Data products are created and operated by autonomous, interdisciplinary teams
Behind each data product is a product team in the data domain. It consists of a product owner, business process experts, data engineers and, if required, data scientists.
Data product teams have professional DataOps practices
Data product teams use DataOps – a set of practices that ensure efficient data operations and high-quality data products. DataOps applies agile and DevOps principles to data engineering & analytics.
All metadata about data and use cases is managed in a central data catalog
The company sets up a central data catalog to create visibility for data products as well as raw data. It also forms the technical backbone for a data marketplace and a virtual data integration layer.
Data products can easily be found and accessed through a data marketplace
A central data marketplace makes it easier for users to find and use data products. The marketplace works similarly to an online shop and, in addition to a search function, also includes a recommendation system.
Access to data products is mostly virtualised
To mask the technical complexity of the integrated distributed data products from users, the central data platform has a partially virtualized integration layer.
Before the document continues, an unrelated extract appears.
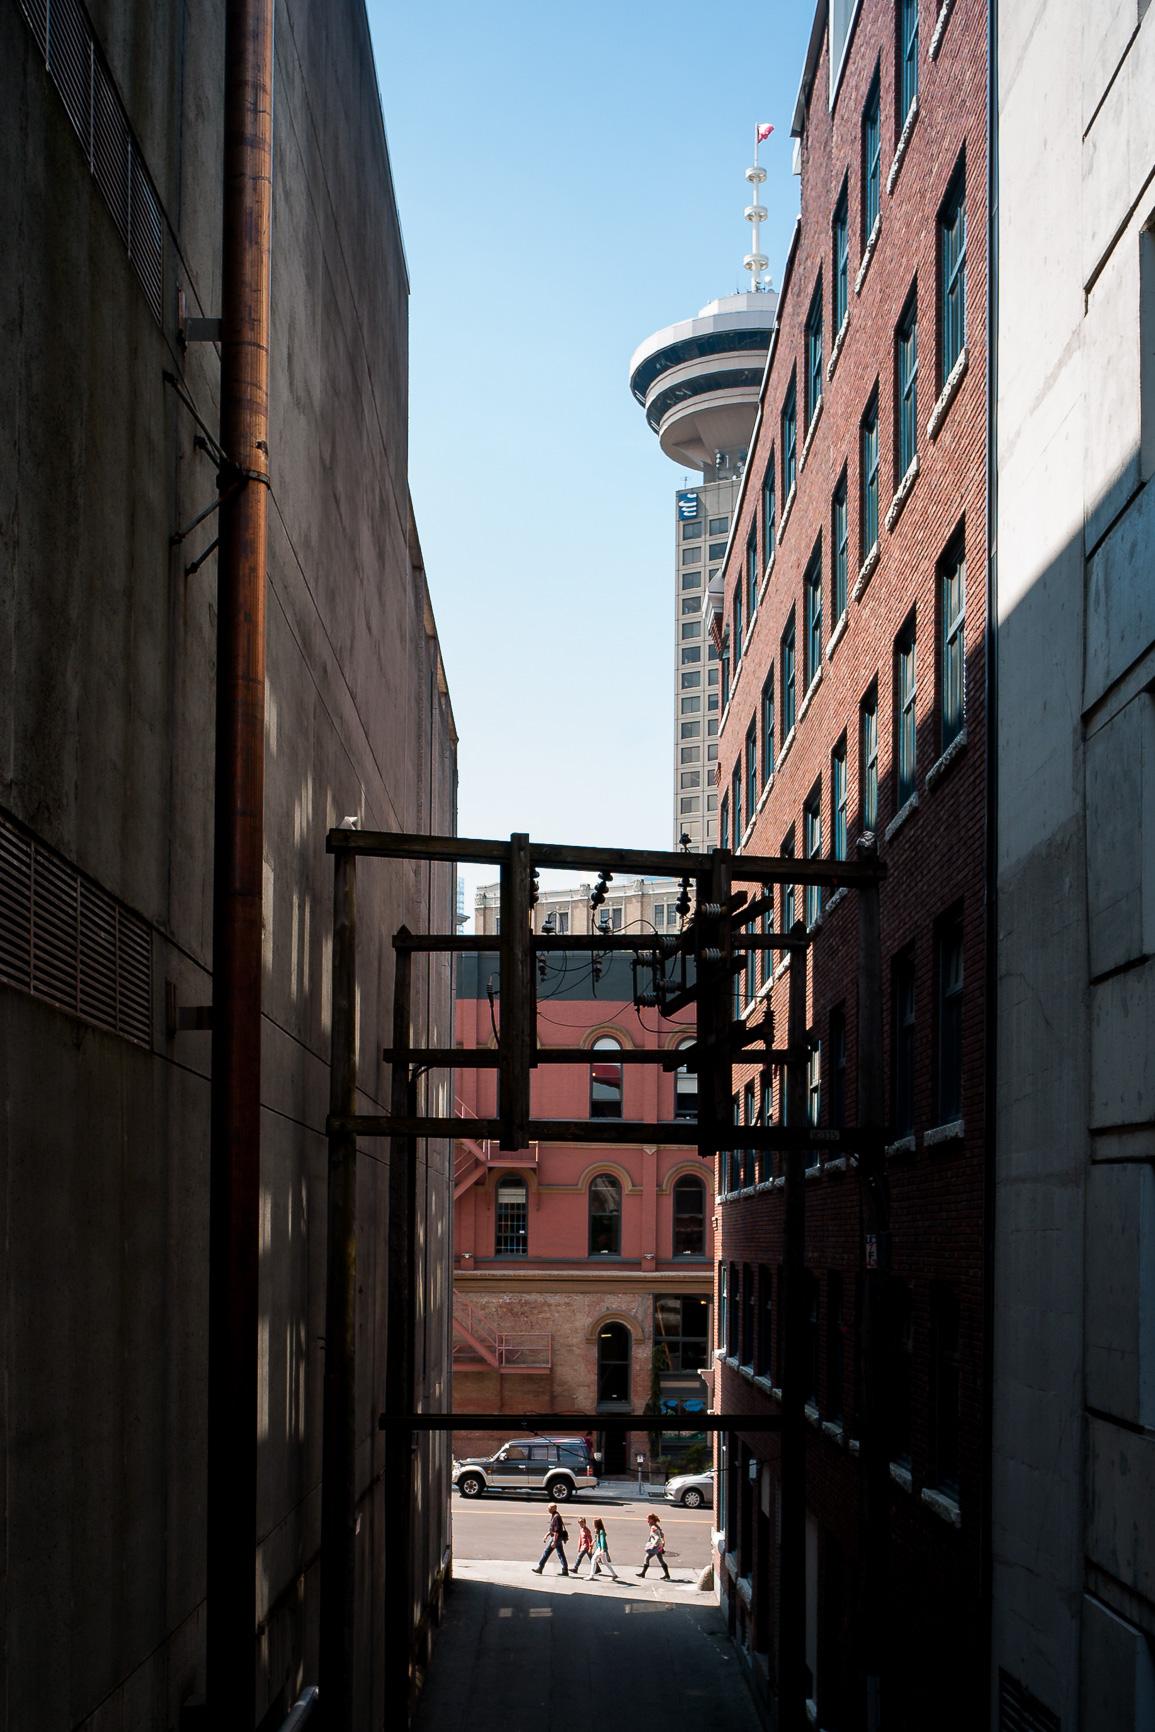 Leica M8.2 | Voigtlander Color-Skopar 21mm f/4

It makes the locally managed data products accessible from the central data marketplace.
Data governance rules are centrally enforced for all data products
The organization establishes the role of a data governance officer, who defines data guidelines and aligns them with the data domain architects and data product owners.
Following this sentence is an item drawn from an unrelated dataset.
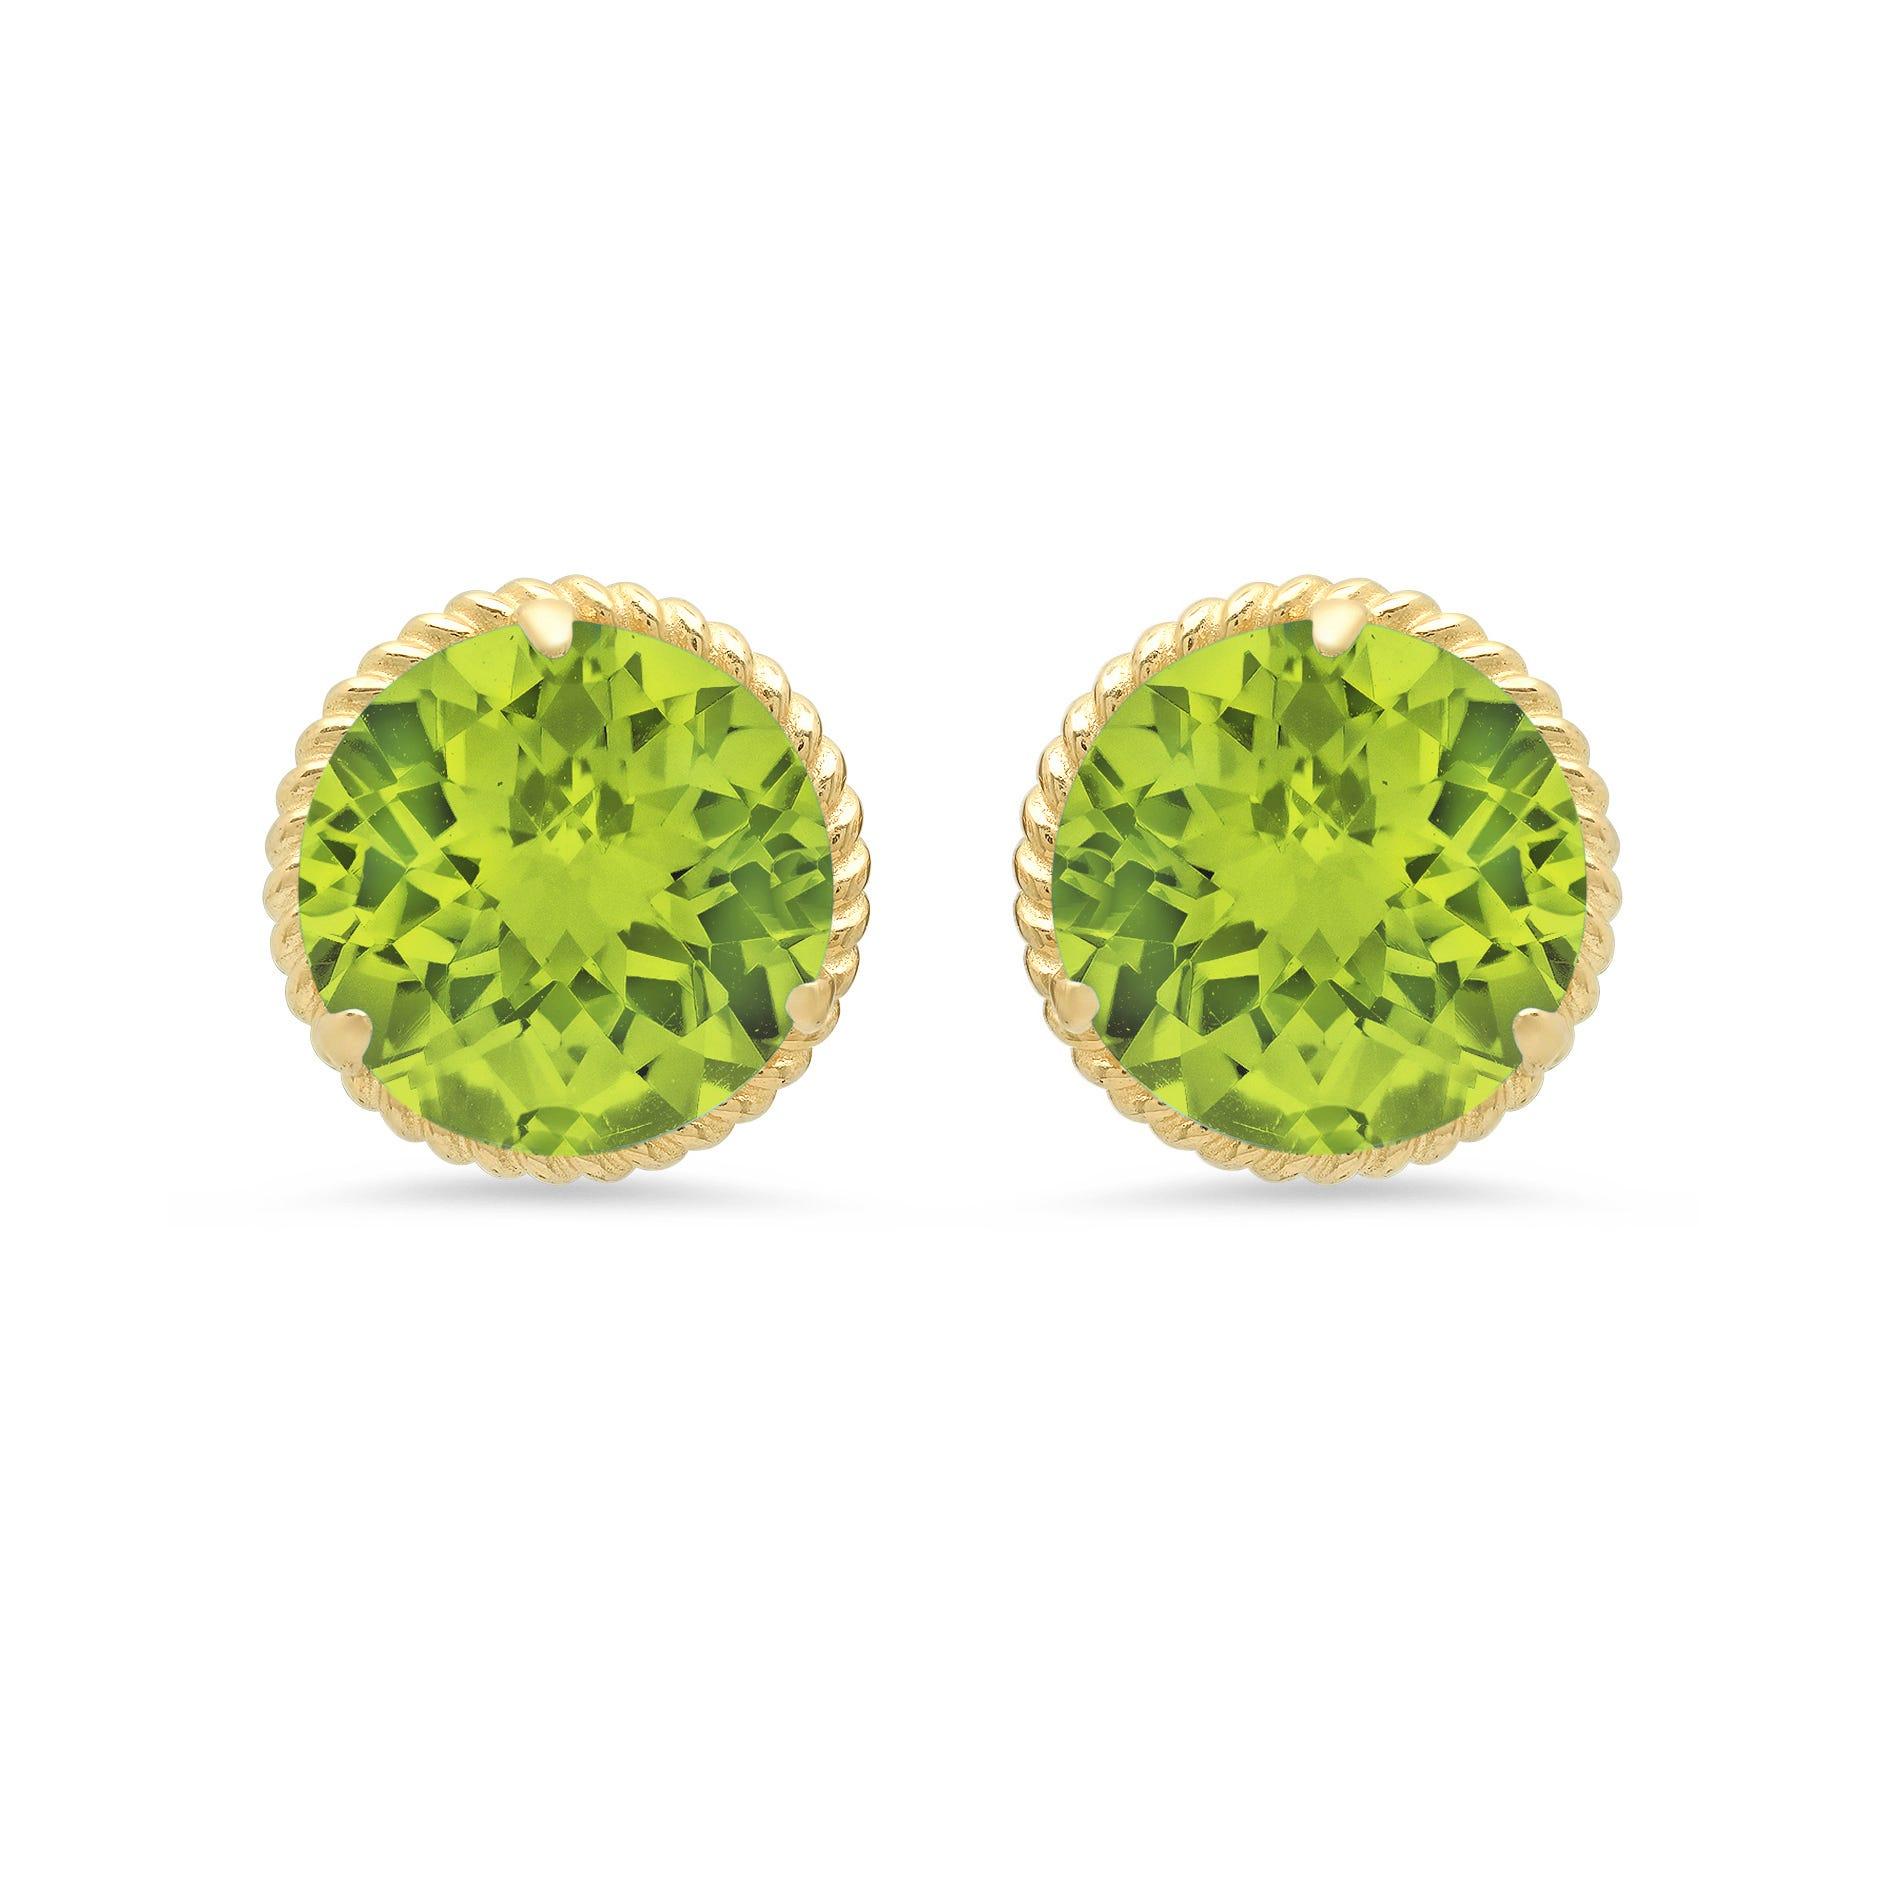 Peridot Roped Halo Stud Earrings in 14k Yellow Gold

The introduction of a data mesh does not only lead to changes to the data architecture and technology. It has impacts on the entire organization and should therefore not just come from the IT department, but rather should also be driven by the business divisions. In order to set clear goals, companies should develop a data mesh strategy as a first step. The second step should only begin if the corporate management clearly commits to the strategy and it has been communicated within the organization.
The second step involves defining data domains for individual business segments and embedding responsibility for the data in the domains. An agile approach is recommended to allow successive expansion with additional domains. Provision of the first data products will allow experience to be gained about the composition of interdisciplinary product teams. A central platform team should create a data catalog in this period and implement the first automated governance rules.
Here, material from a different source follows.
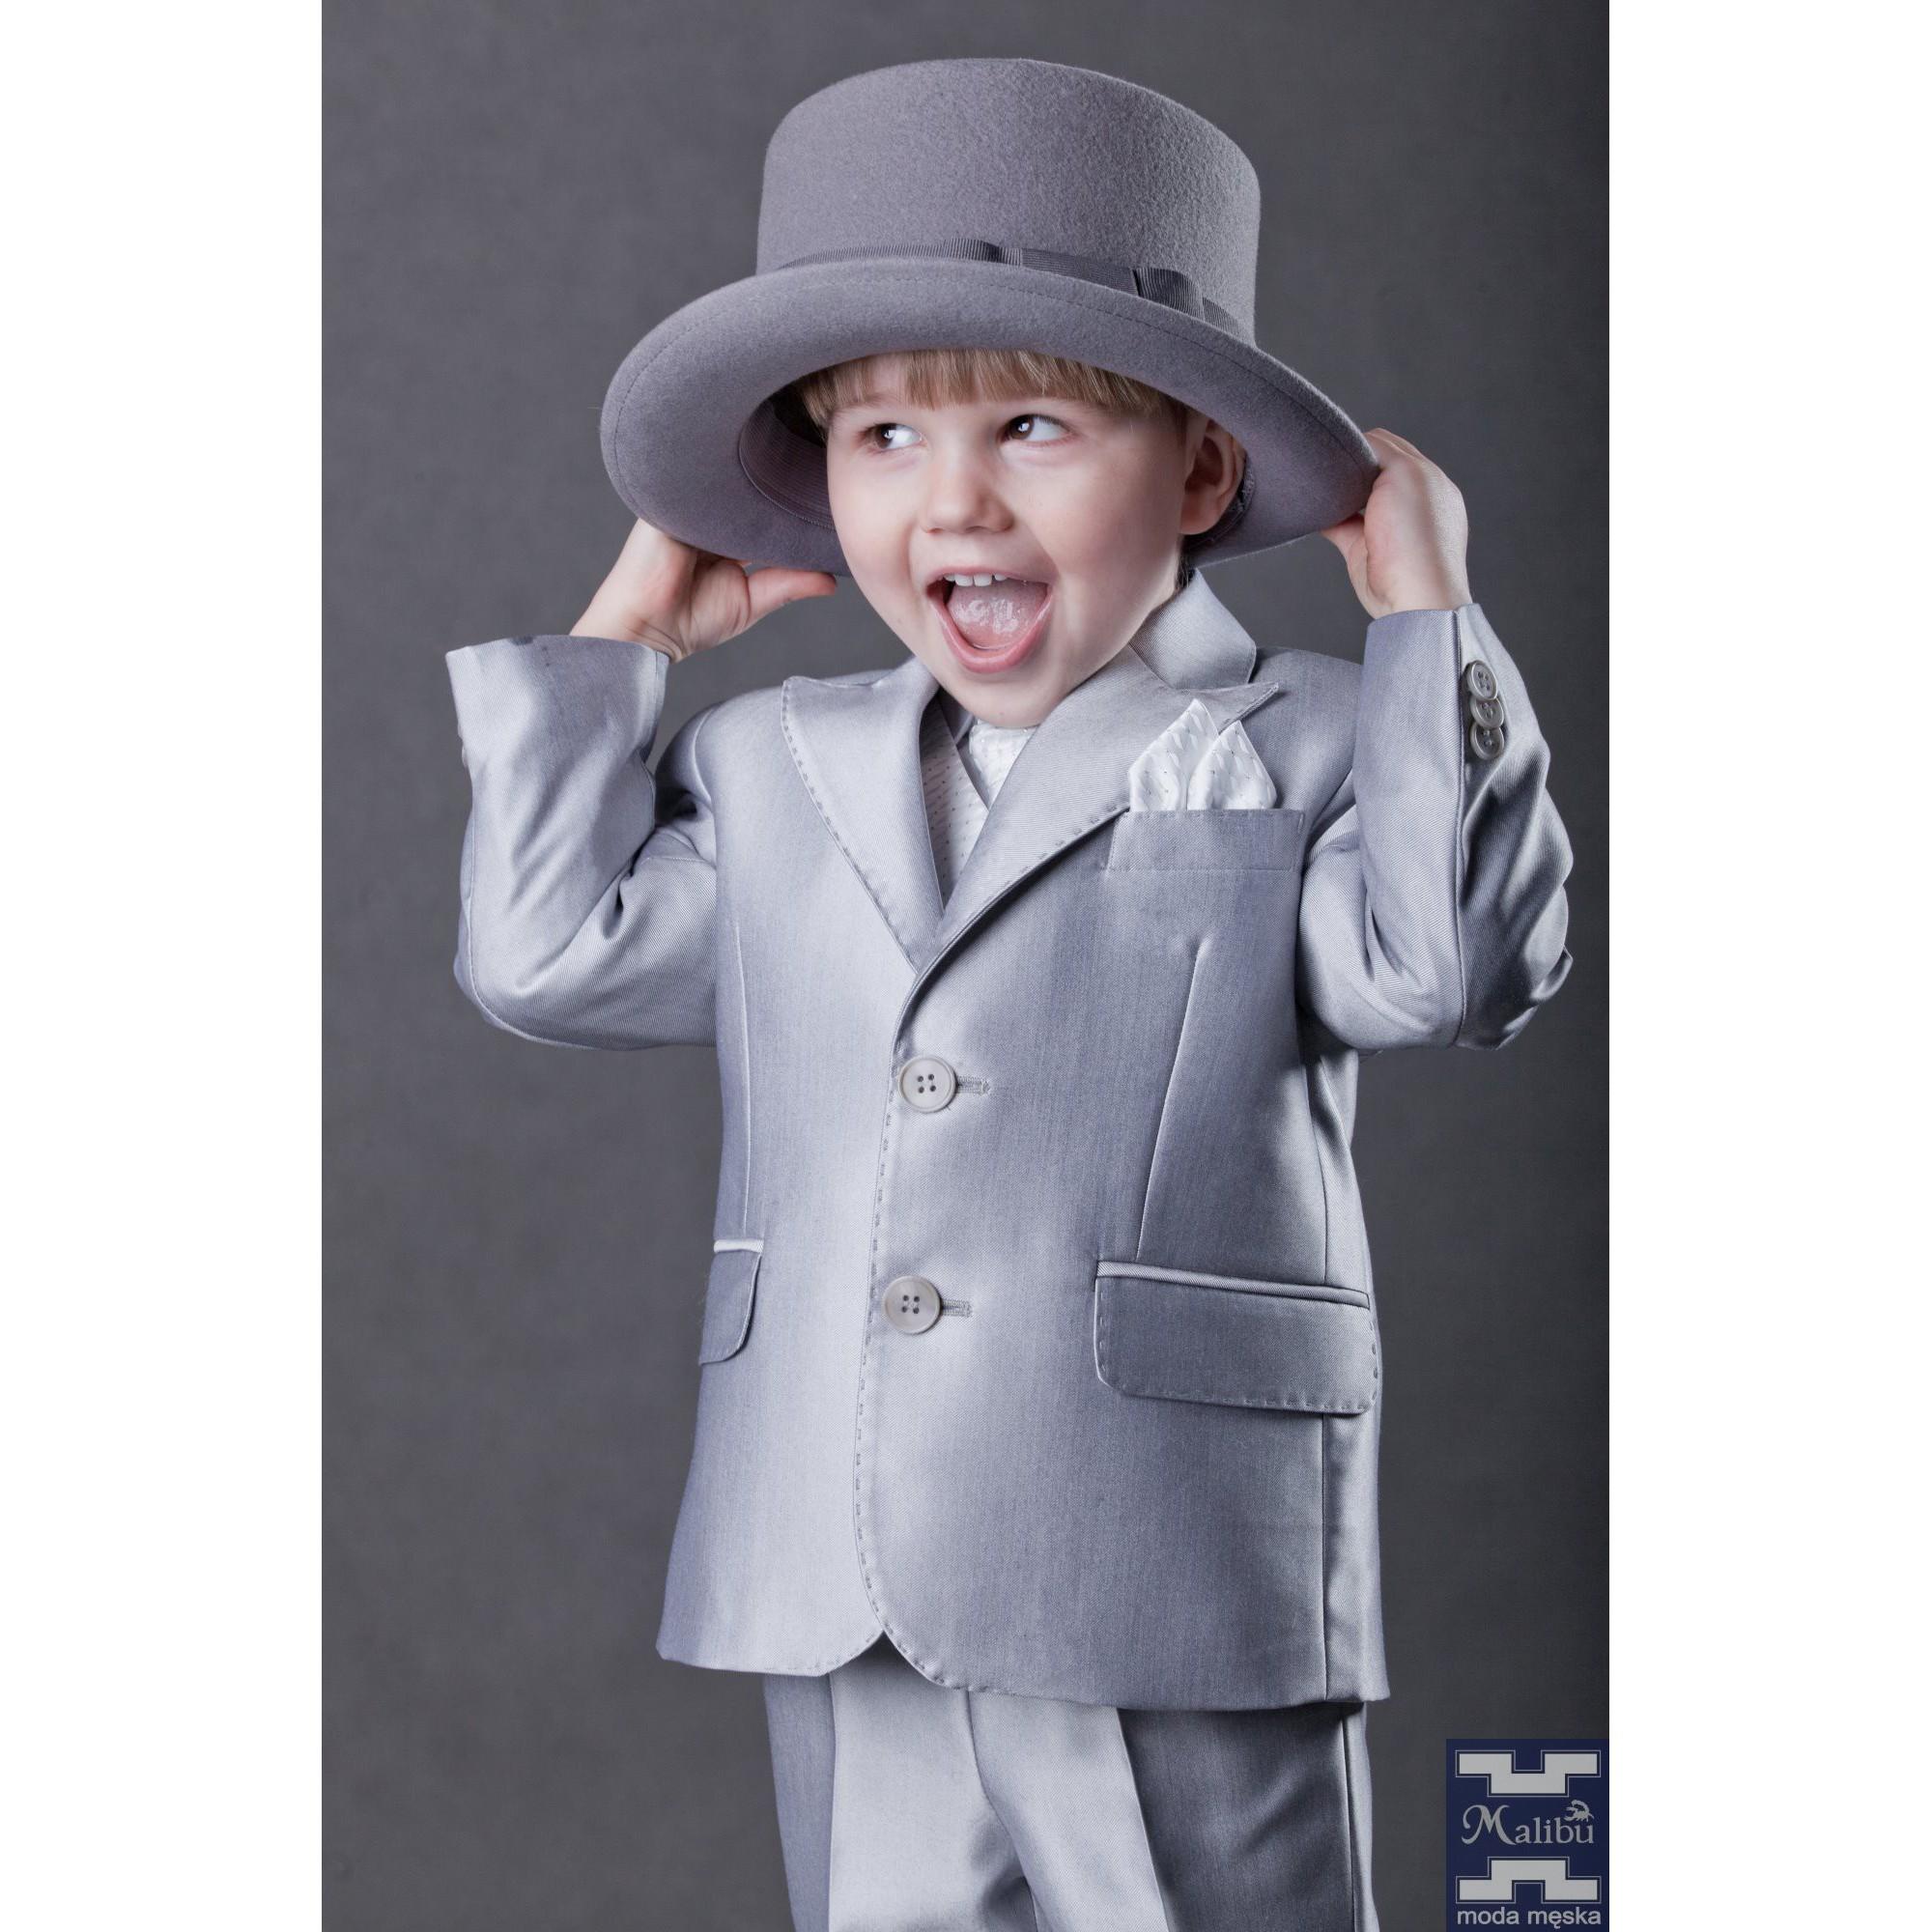 0951a9bf9a5ee Srebrny garnitur dziecięcy

In a third step, additional DataOps practices should gradually find their way into the work of the data product teams. They should increase the efficiency of the teams and successively improve the quality of the data products. Building on the data catalog, metadata management should be expanded in such a way that it automatically recognizes new patterns and relationships between data points. The objective is to offer data users an ever-better integrated data landscape that contributes to decision-making in the operating business.
In order to increase the use and re-use of data products, companies should introduce a marketplace for data in a fourth step. This should enable users to intuitively browse and identify the relevant data products and access them. While the data marketplace is initially responsible for the convenient internal provision of data products, prospectively it can also be opened up for external partners in order to share and monetize data. Central data repositories can be further reduced by virtualizing access to data products.
“The decentralization of data platforms is an important step to uplift data & analytics capabilities within an enterprise and make greater use of data.”
The study is based on an online survey conducted by PwC Germany between December 2021 and January 2022 in conjunction with Statista. A total of 152 IT managers took part from various industries, whose companies have at least 500 employees in Germany. The survey comprised multiple choice questions addressing the maturity of data & analytics in companies and the application of a data mesh.